After initial hesitation, President Trump signed H.R. 133 into law yesterday evening, which contains appropriations bills and provides approximately $900 billion in COVID-19 relief. One tax provision of note permits the deductibility of expenses funded by forgiven PPP loans, reversing the IRS interpretation of the March 27 CARES Act.
The CARES Act established the Paycheck Protection Program (PPP), pursuant to which certain PPP loans were eligible for forgiveness to the extent such loans were used for eligible compensation and other payroll costs, mortgage interest, rent, and utilities costs incurred and/or paid during a prescribed period and certain documentation requirements were met. The CARES Act explicitly provided that taxpayers would not recognize cancellation of indebtedness income for federal income tax purposes upon the forgiveness of a PPP loan. However, the CARES Act did not address the deductibility of expenses covered by PPP loans, in what may have been an oversight due to rushed drafting. Since passage of the CARES Act, several senior members of Congress have indicated that their intent was that expenses covered by PPP loans should be deductible, regardless of whether those PPP loans are forgiven. However, the IRS has taken an opposing view. In IRS Notice 2020-32, issued in April, the IRS stated that otherwise tax-deductible expenses incurred by businesses with proceeds of PPP loans were not deductible for tax purposes to the extent the forgiveness of such loans was excluded from taxable income. (See the May 4 Alert here regarding the IRS's position.)

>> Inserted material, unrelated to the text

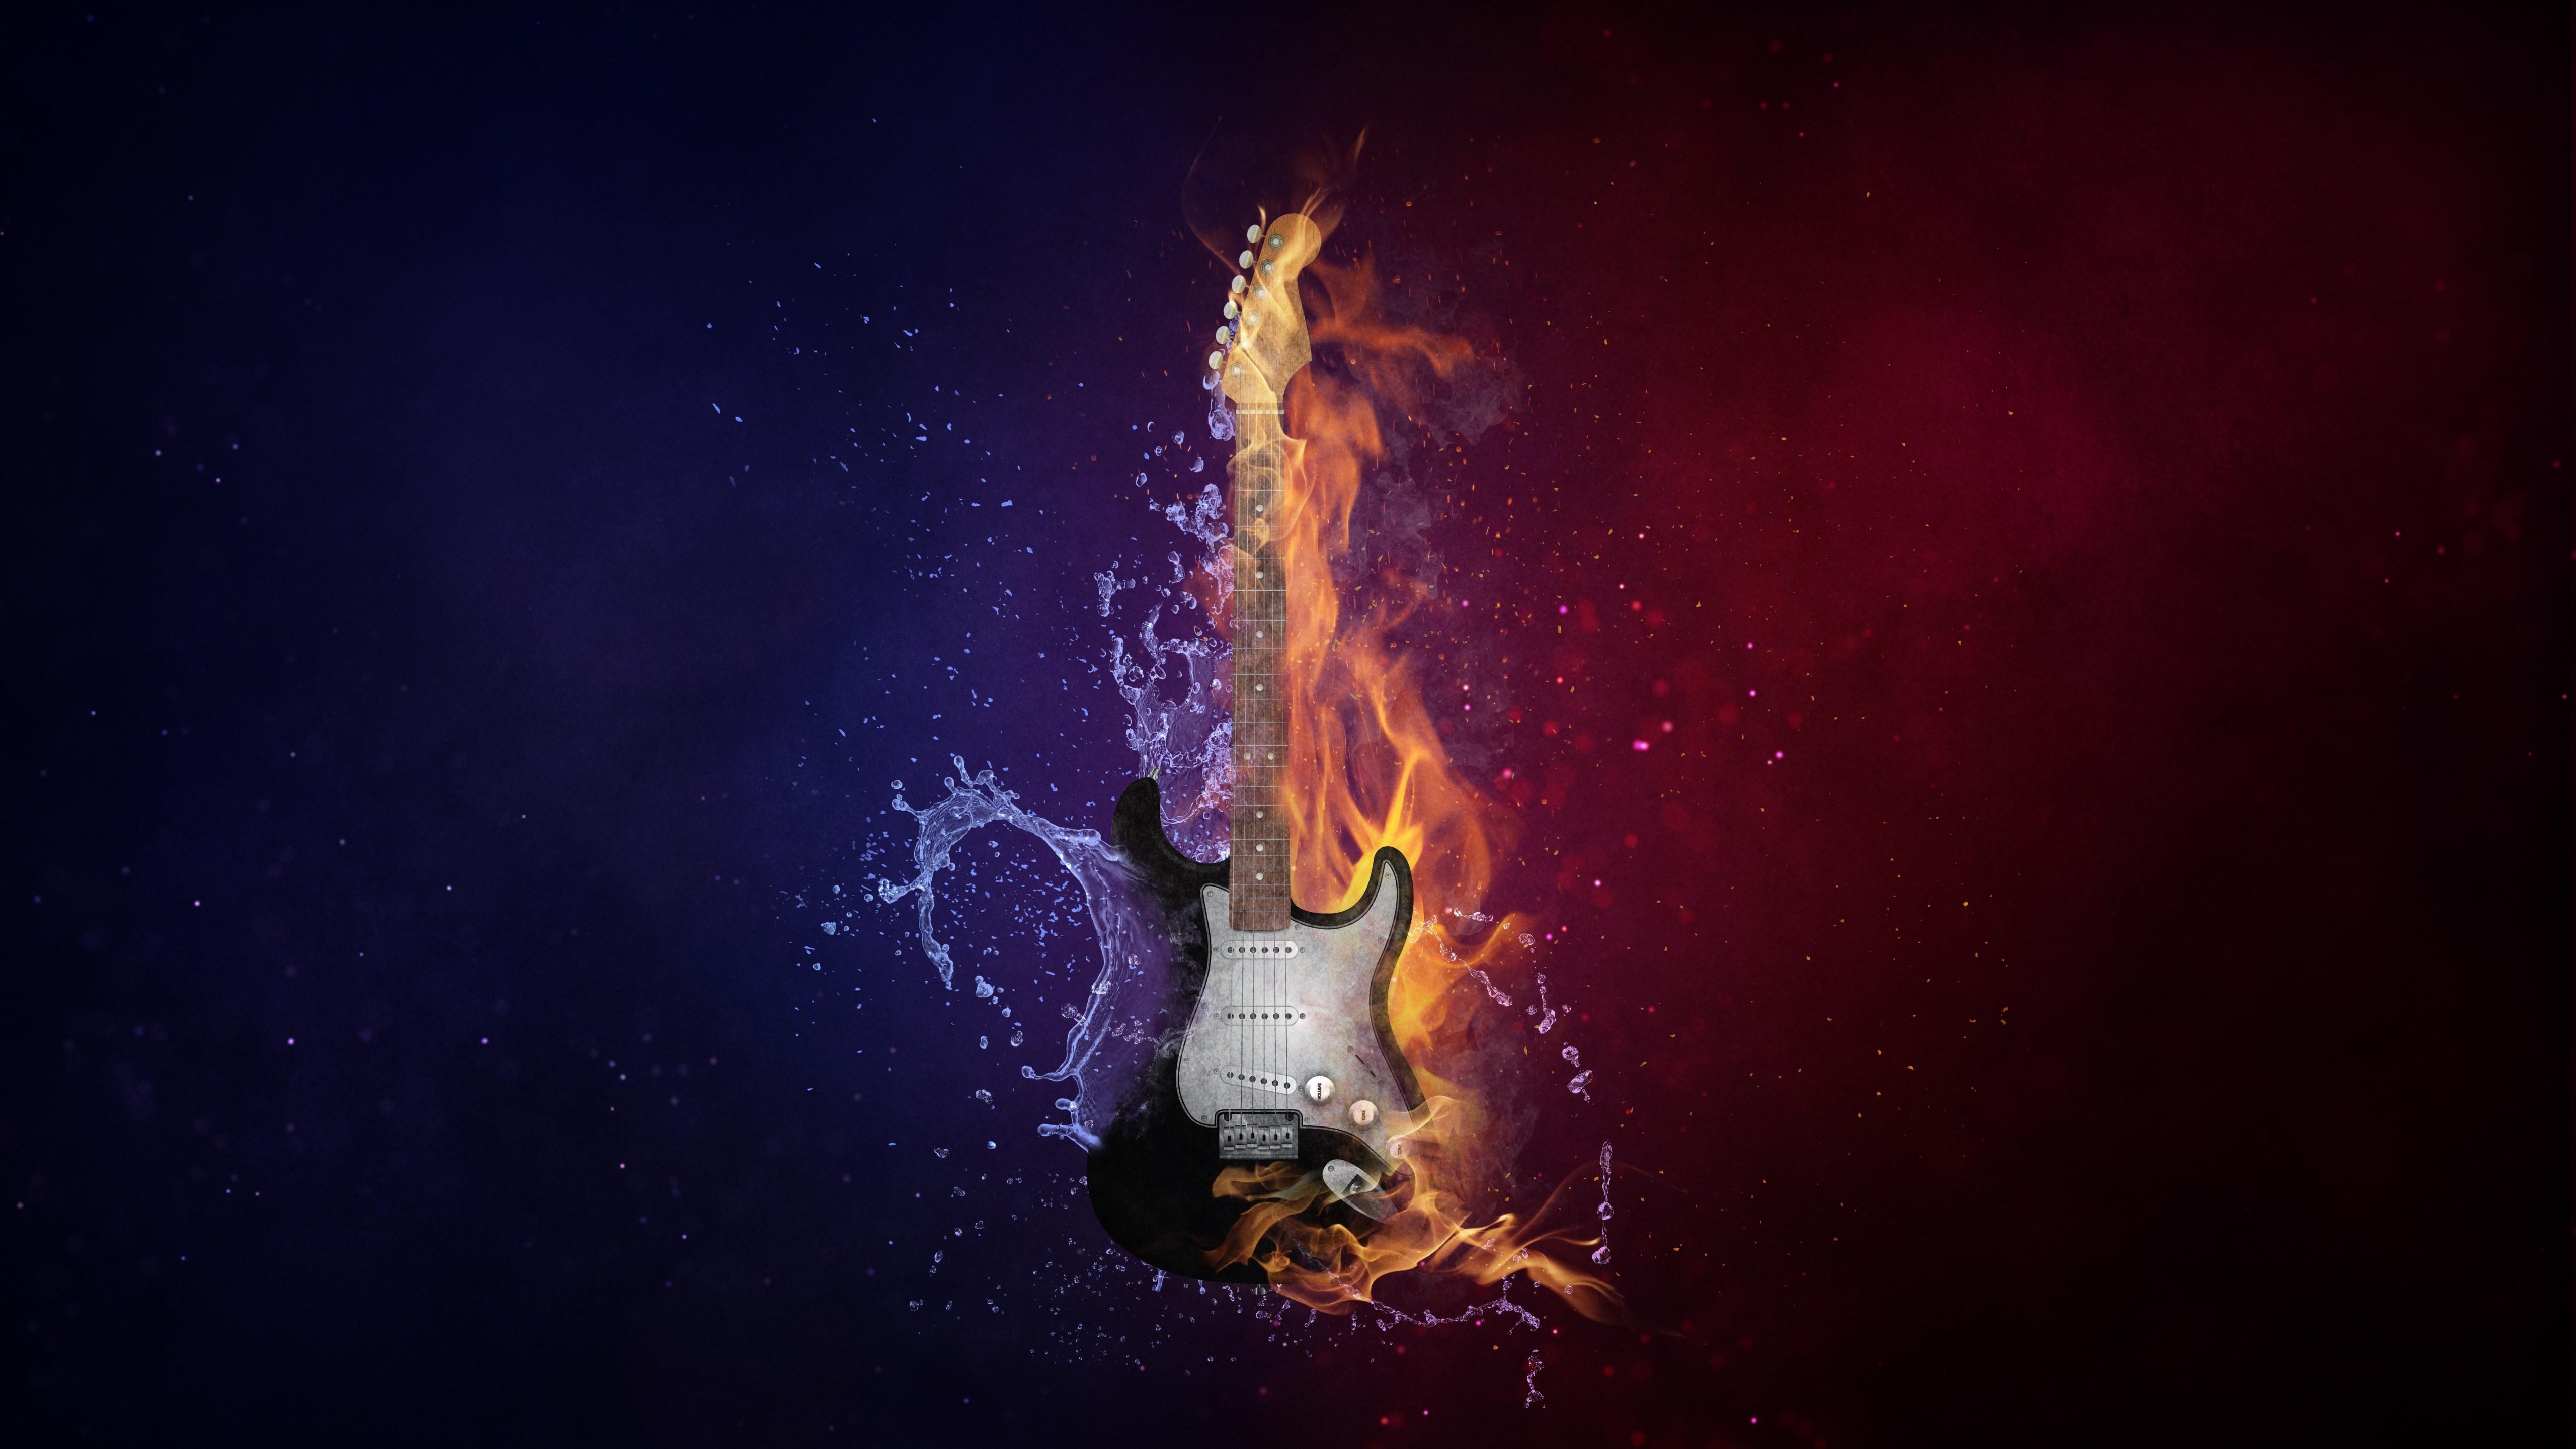 Guitar in water & fire wallpaper - backiee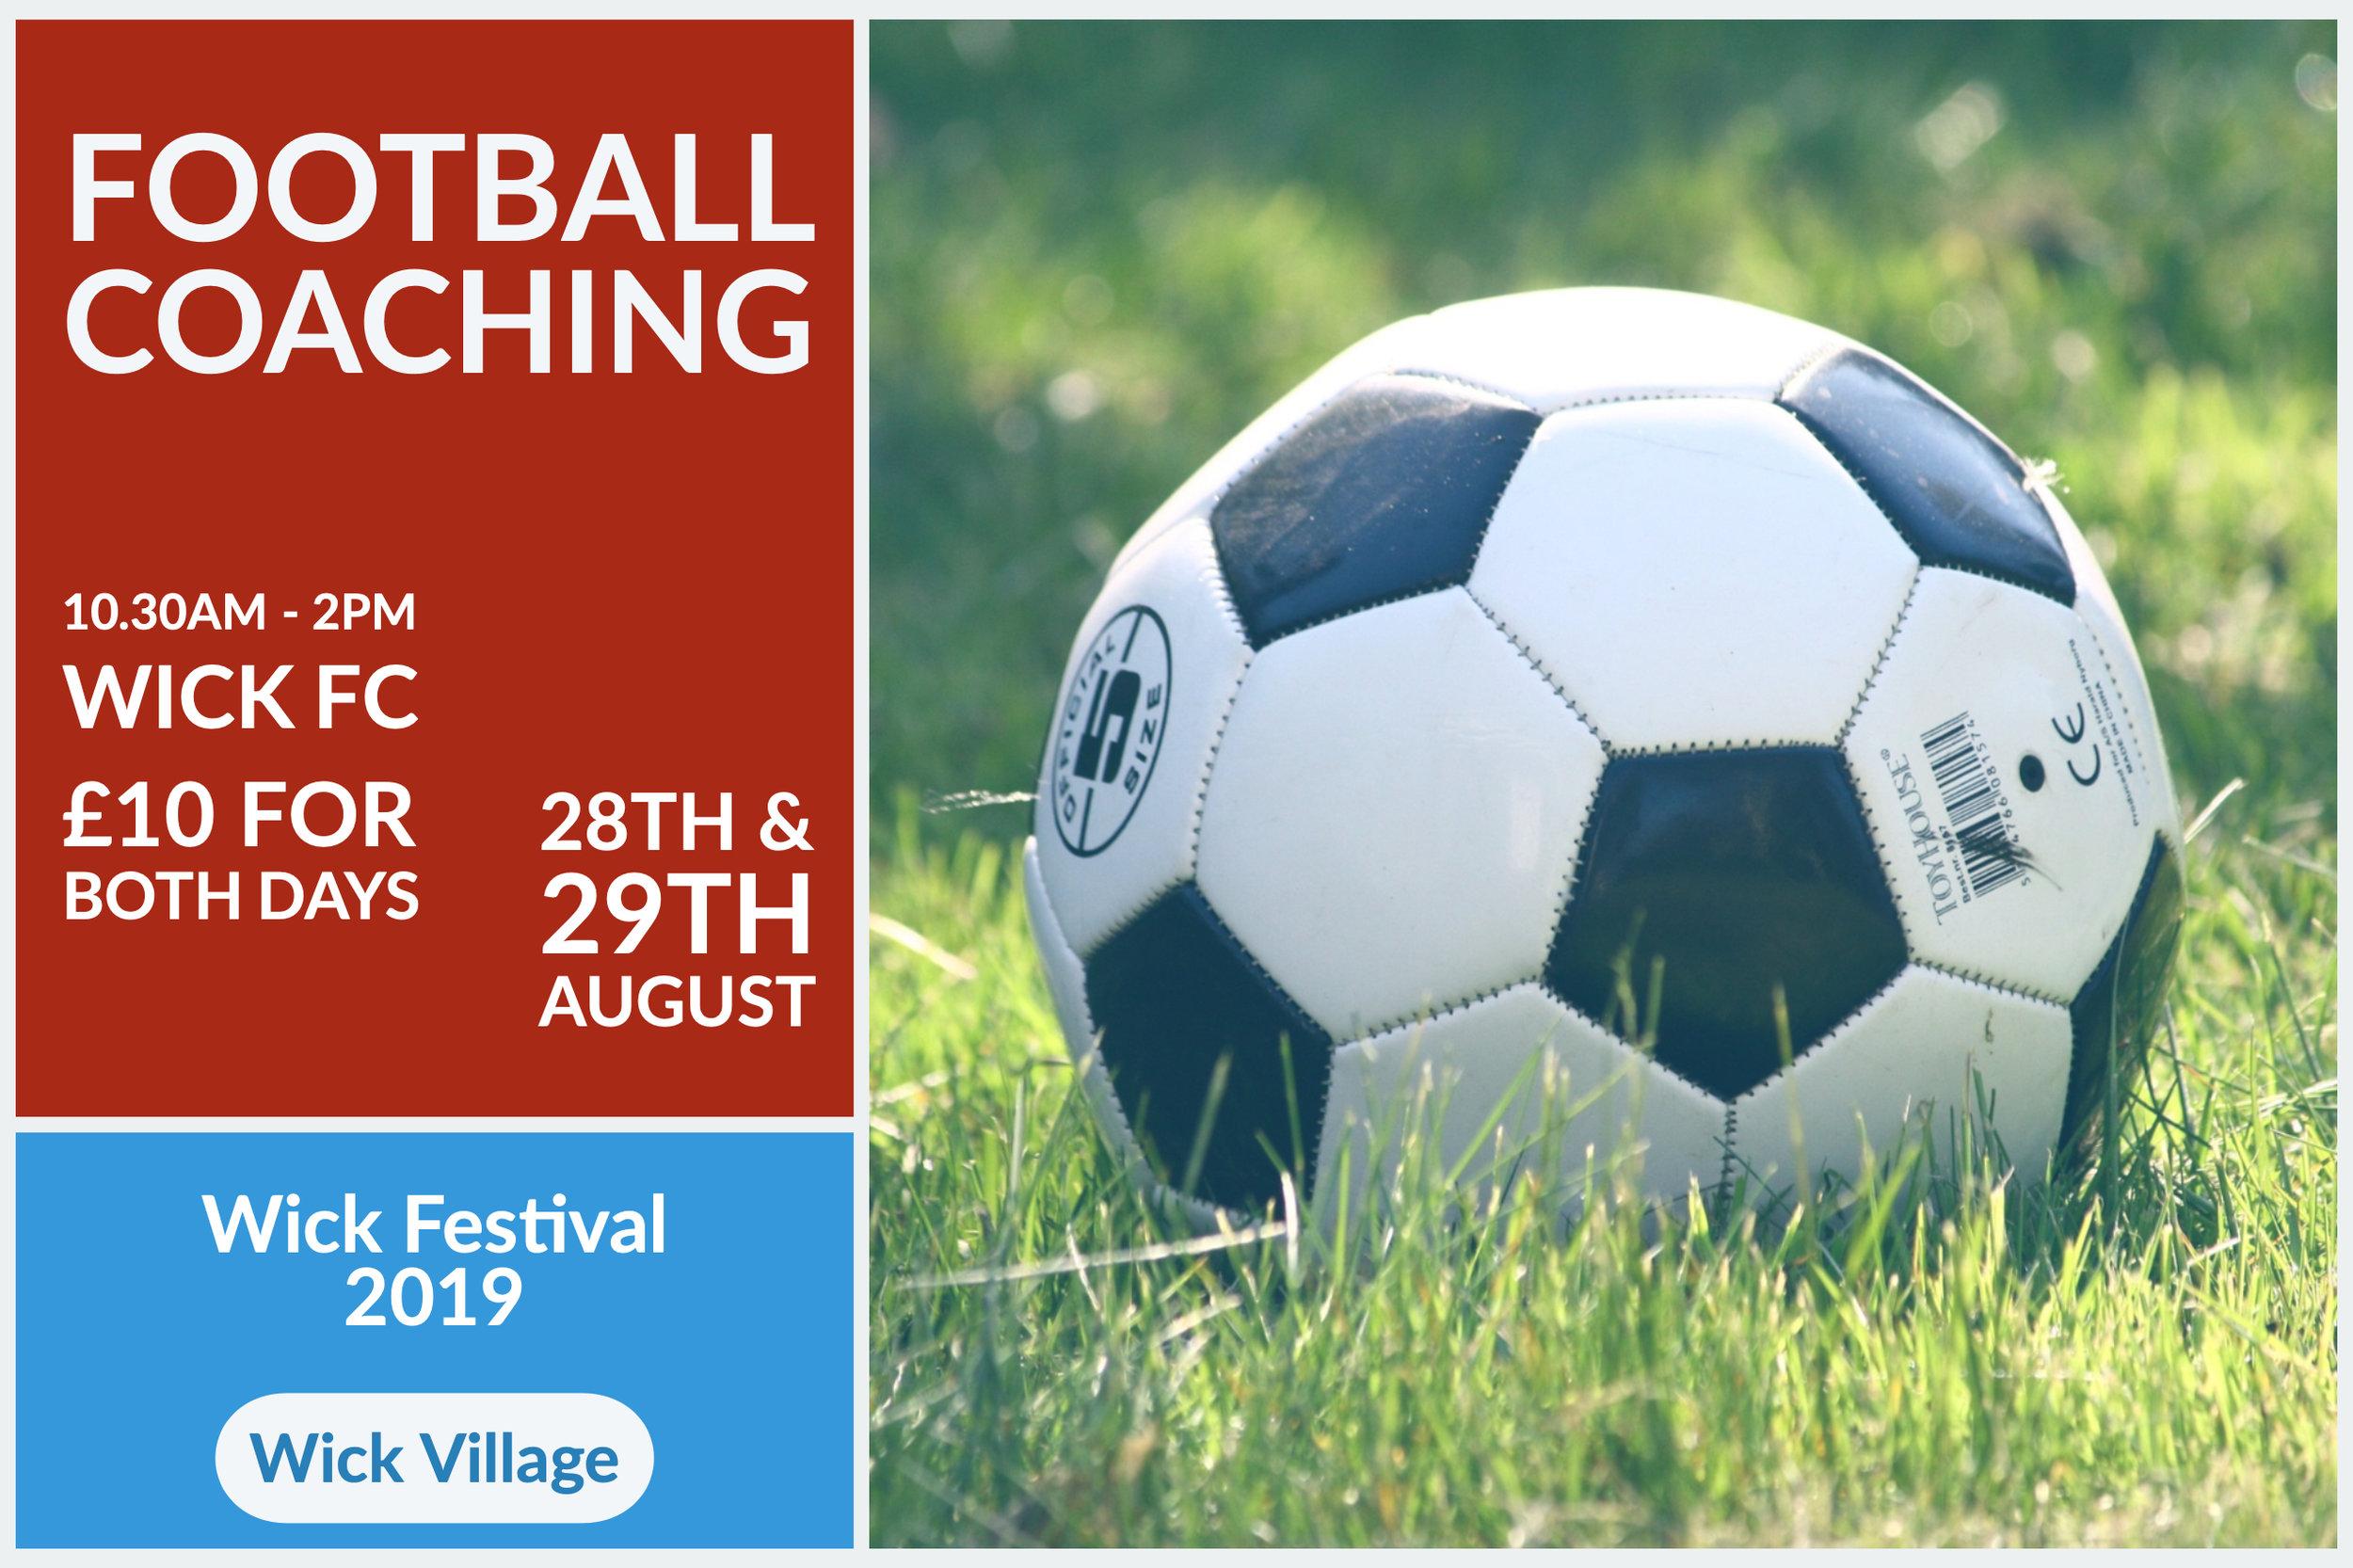 Wick Festival - Football Coaching

Overriding the IRS Notice, Congress provides in H.R. 133 that the deductibility of business expenses shall not be denied as a result of the forgiveness of a PPP loan being excluded from taxable income.
In addition, H.R. 133 revives the PPP loan program, including permitting certain eligible businesses to borrow for a second time. H.R. 133 also expands the forgivable expenses enumerated above to additionally include certain of the following: supplier costs, expenditures for workplace modifications related to Covid safety, business software and cloud computing services, and property damage costs due to public disturbances during 2020 not covered by insurance.